Rather obsessed, without a clear view of these roles the very foundation of data protection will sway like a house of cards in an autumn storm. With an almost detective-like accuracy data controller and data processors therefore keep a log of any data stream they entrust to them by GDPR's tight compass.
- The Register manager must ensure validity in purpose and means.
- The data processors must maintain a telescope in order to handle data gracefully.
- Together they must form an alliance to strengthen the foundations of data protection.

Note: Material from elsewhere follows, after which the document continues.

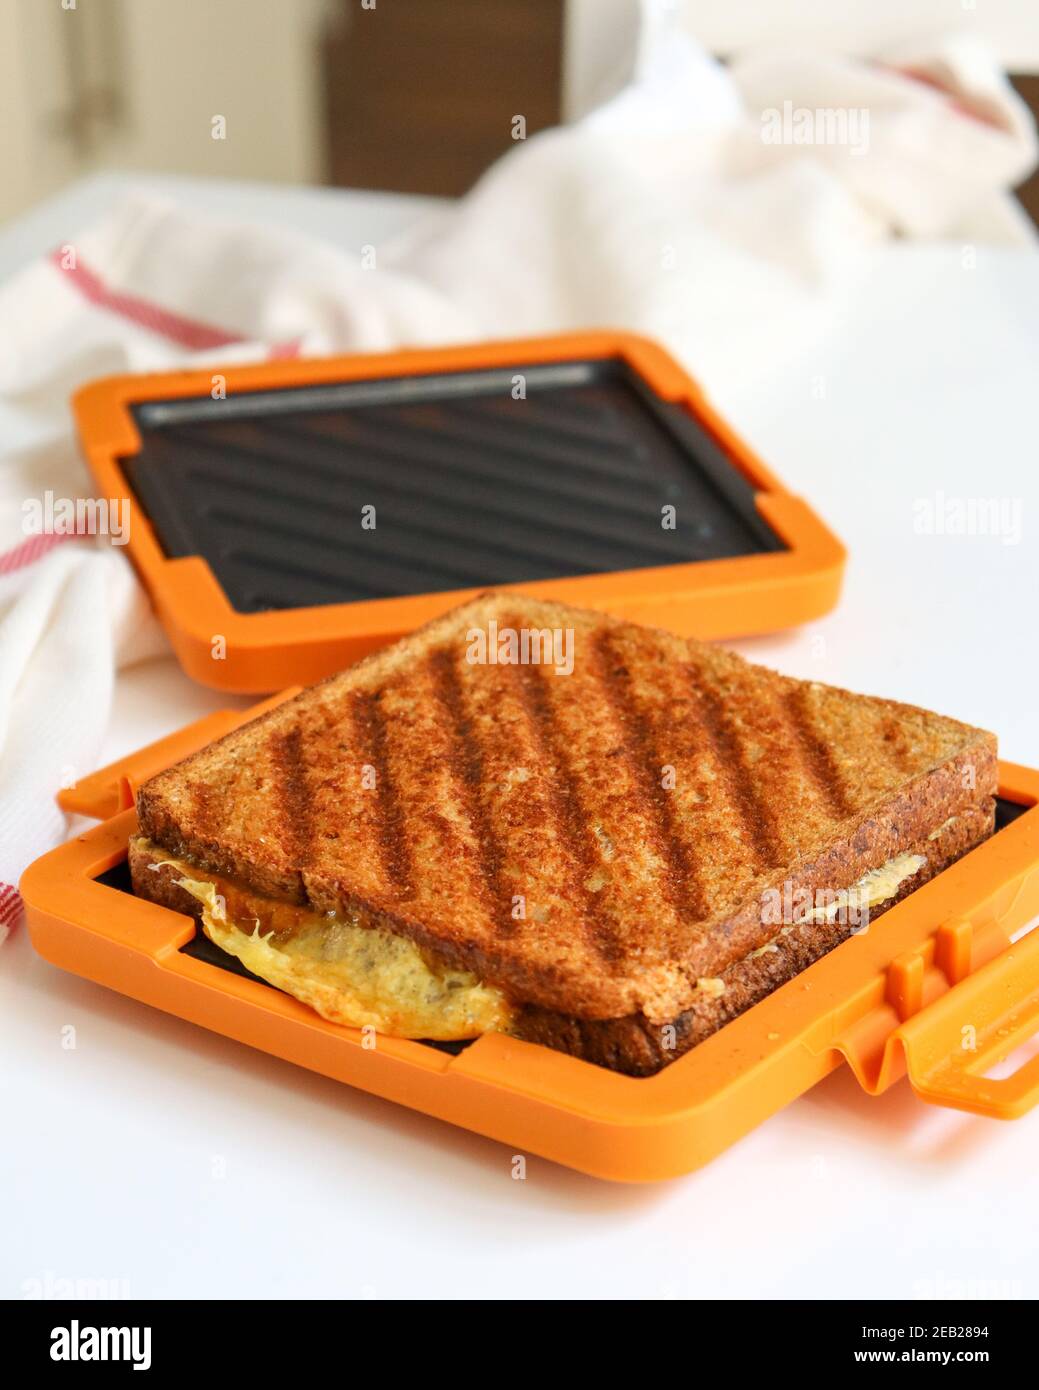 https://c8.alamy.com/comp/2EB2894/morphy-richards-mico-toastie-toasted-sandwiches-microwave-cookware-kitchen-food-preparation-cooking-snack-grilled-sandwich-ve-2EB2894.jpg
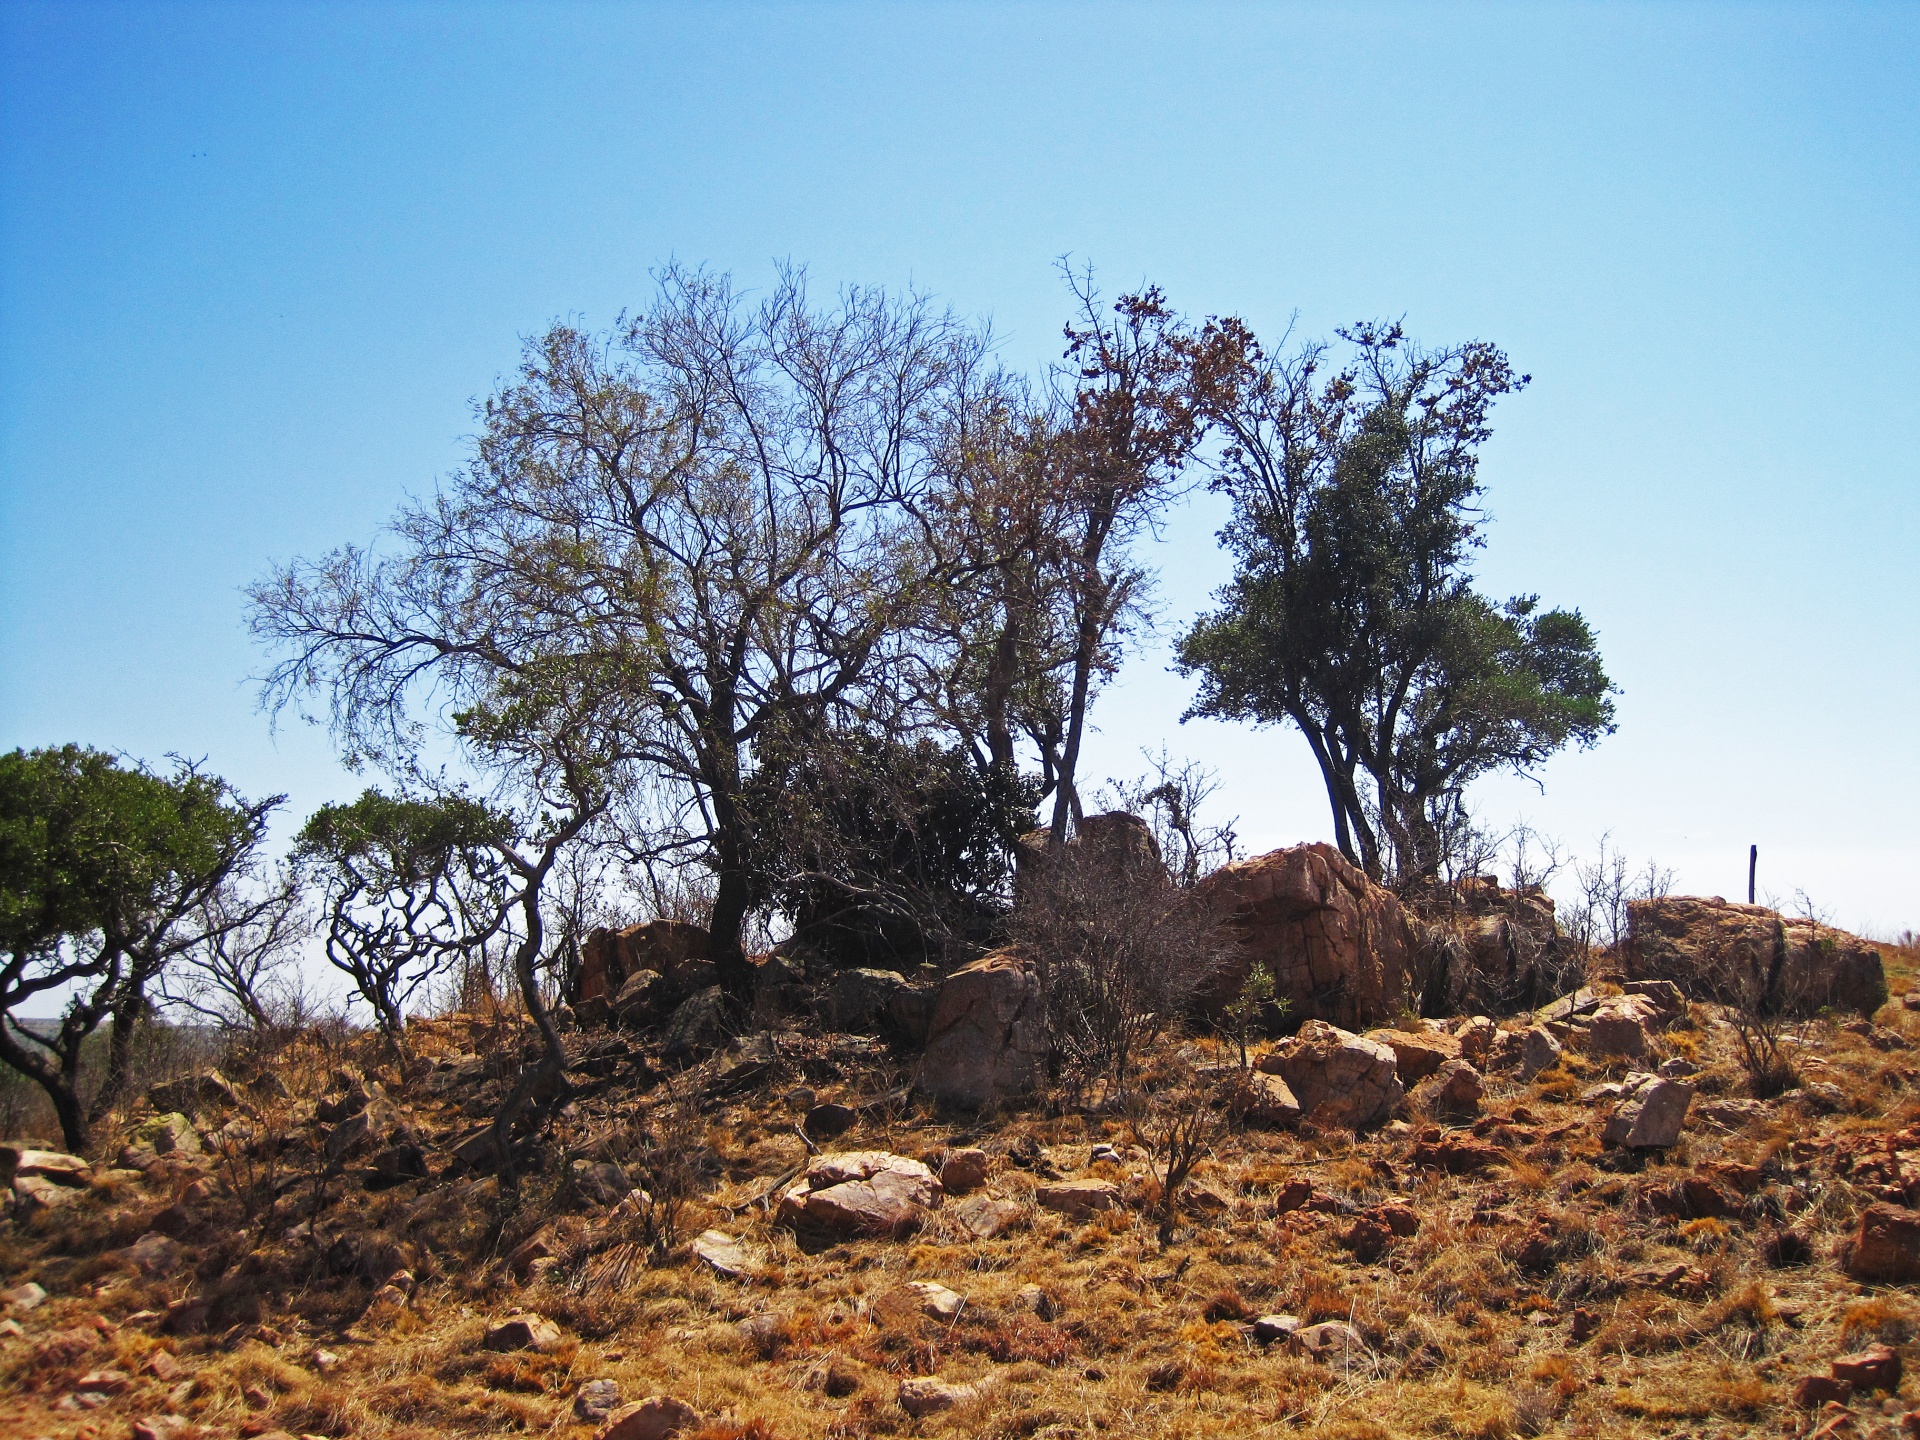 Raised Rocky Area With Trees

Data transfers outside the EU and EEA
Cross-border data pulses can give even the most robust data protector heart palpitations. When information leaves the safe harbor of the EU and the EEA, requirements arise international data protection in force – and for companies it is a balancing act on the GDPR's tightrope.
Data protection requirements for international transfers
To make sure that international data transfer not become synonymous with digital anarchy, GDPR has set towering standards. Transfers of personal data do not fall outside the scope of the EU and the EEA without a solid basis. Remember that every byte is subject to the GDPR's protective umbrella, just as a hawk prince's land extends through his sheriffs.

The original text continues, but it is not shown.